A traditional word embedding denotes the individual word in relation to all the other words in the entire corpus (vocabulary). It encodes the dictionary meaning of the word. A contextualized word embedding denotes the word in relation to its context. It is the meaning of the word (token), as it is used in a particular context.
Operationally, a trained Word2Vec model can be thought of as a lookup table. Each word is mapped to a static embedding vector. In contrast, transformer based models can be thought of as a set of matrices or weight vectors.
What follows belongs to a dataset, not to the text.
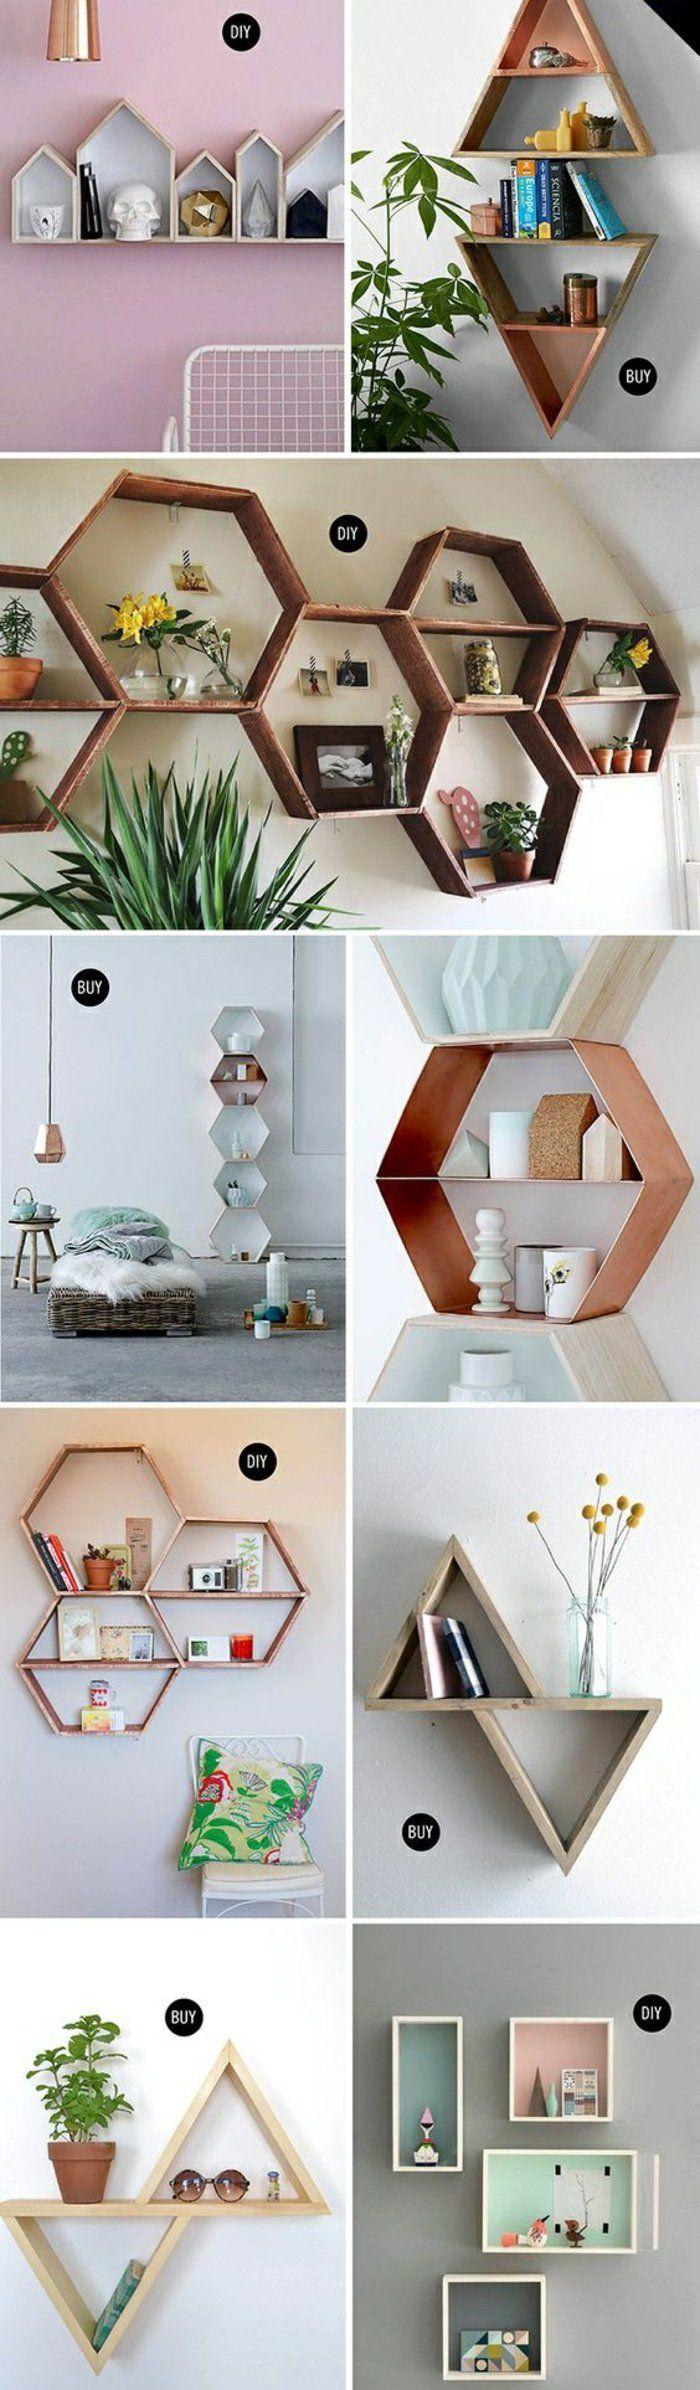 ▷ 1001+ Ideen und Inspirationen für ein DIY Wandregal #wohnzimmerideenwandgestaltung
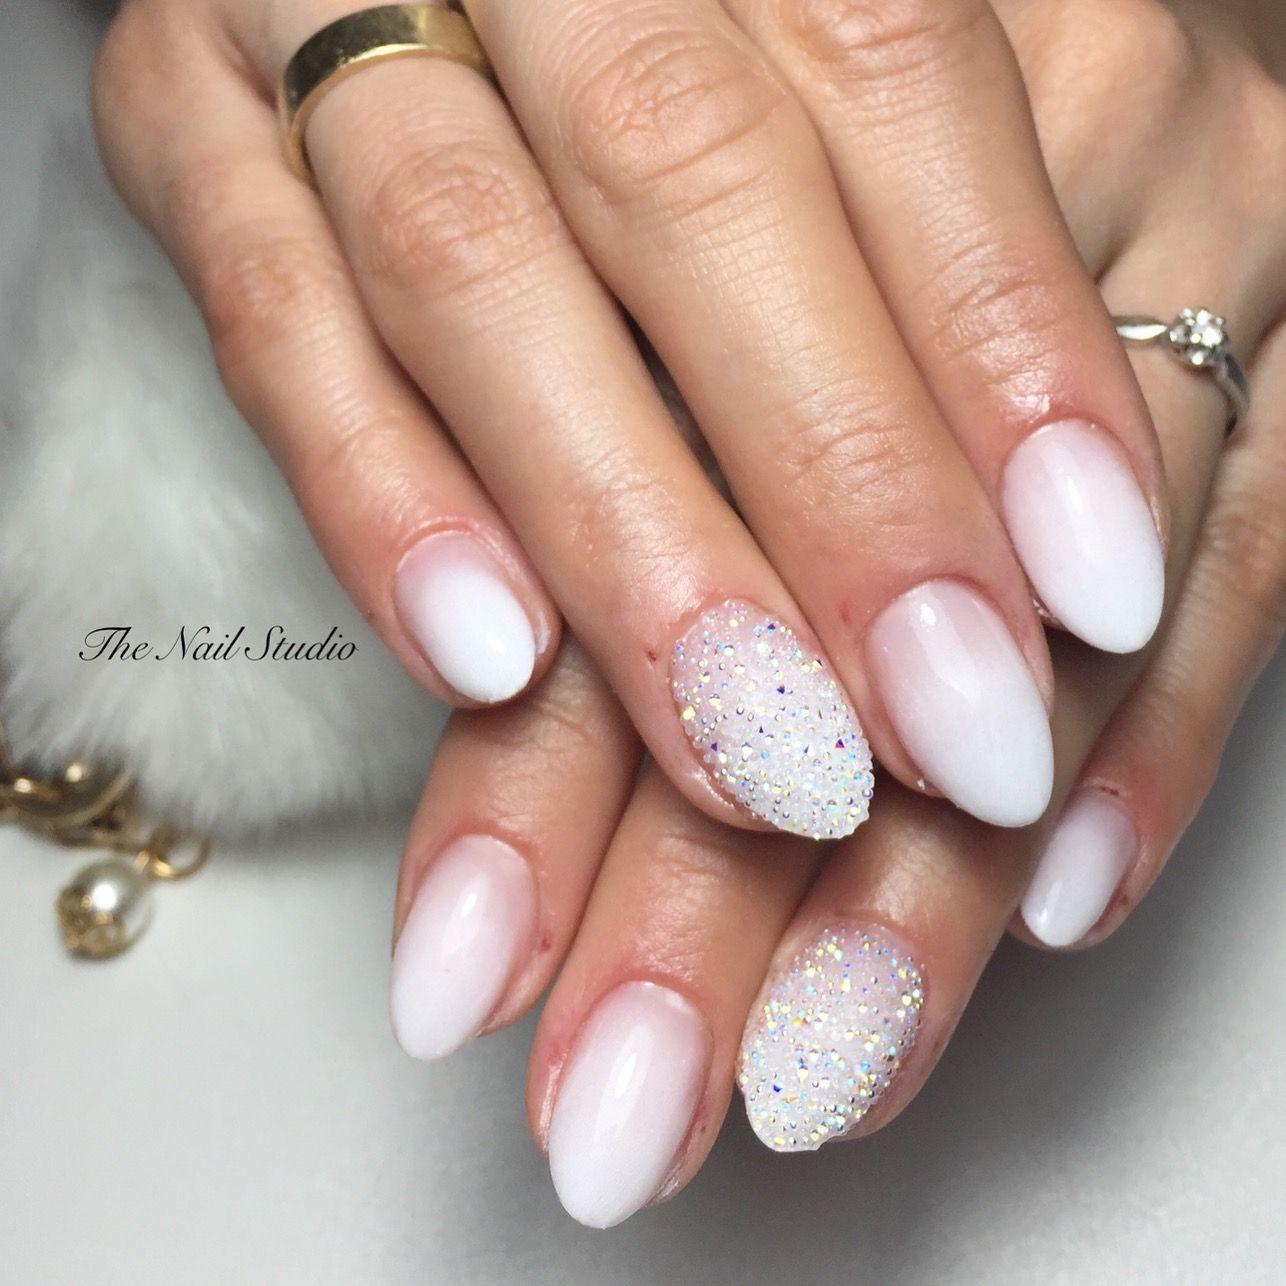 nails #nail #fashion #style #Polishgurl #cute #beauty #beautiful ...

The training process optimizes the value of these matrices. These matrices are then used to explicitly compute the embedding vector of each token based on the given input sentence. So, the same token, as part of different input sentences (sequences), will have different embedding vectors.
The BERT Model In Practice This section illustrates contextual word embeddings by showing that:
The same word used in similar contexts has the same meaning. When used in different contexts, the same word can have different meanings. The same word used in different contexts is represented using different vectors. Embeddings of a word used in similar contexts have a high similarity score. Conversely, embeddings of a word used in different contexts have a low score. To do this, this example uses the word “train” in different contexts, with different meanings.
To start with, declare a few example sentences, each featuring the same word, “train”, with different meanings:
sentence1 = 'I want to train to run in the New York marathon.'
sentence2 = 'I am sitting in the running train.'
sentence3 = 'The train is running late today.'
BERT is a transformer based language model. It generates contextual embeddings. As it is an older model predating the likes of OpenAI and Mistral, it is a good learning tool for word embeddings.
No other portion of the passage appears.